Last year I've written a post about ZFS primarycache setting, showing how it's not a good idea to mess with it. Here is a new example based on real world application.
Recently, my server crashed, and at launch-time Splunk decided it was a good idea to re-index a huge apache log file. Apart from exploding my daily index quota, this misbehavior filed the index with duplicated data. Getting rid of 1284408 events in Splunk can be a little bit resource-intensive. I won't detail the Splunk part of the operation: I've ended up having 1285 batches of delete commands that I've launched with a simple for/do/done bash
loop. After a while, I noticed that the process was slow and was making lots of disk IOs. Annoying. So I checked:
# zfs get primarycache zdata/splunk NAME PROPERTY VALUE SOURCE zdata/splunk primarycache metadata local
Uncool. This setting was set locally so that my toy (Splunk) would not harvest all ARC from the server, hurting production.
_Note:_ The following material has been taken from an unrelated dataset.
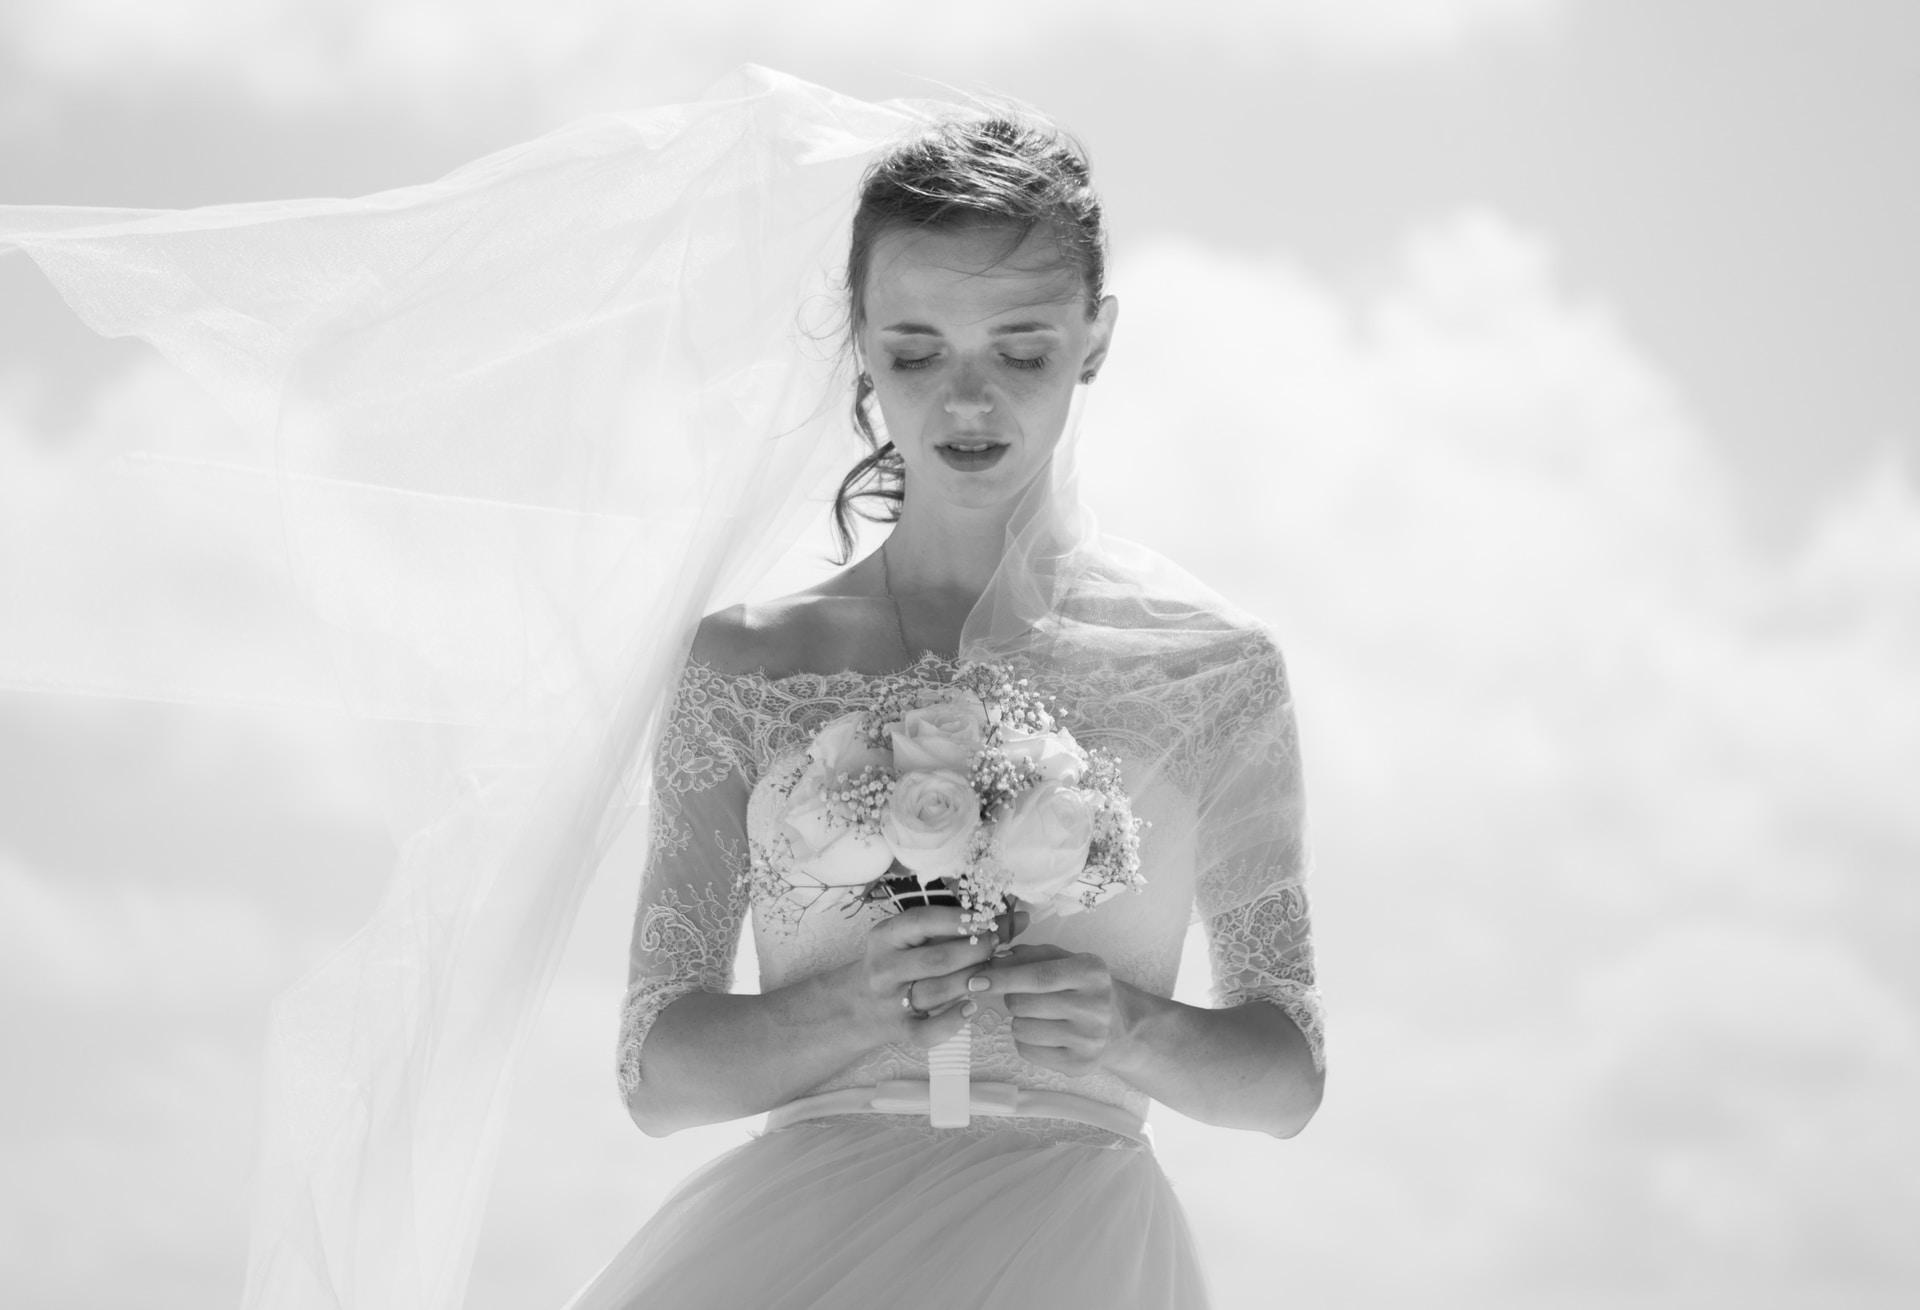 καταστάσεις έκτακτης ανάγκης στο γάμο

For efficiency's sake, I've switched back the primary cache to all:
# zfs set primarycache=all zdata/splunk
Effect was almost instantaneous: ARC filled with Splunk data and disk IOs plummeted.
primarycache | # of deletes per second |
---|---|
metadata | 10.06 |
all | 22.08 |
A x2.2 speedup on a very long operation (~20 hours here) is a very good argument in favor of primarycache=all for any ZFS user.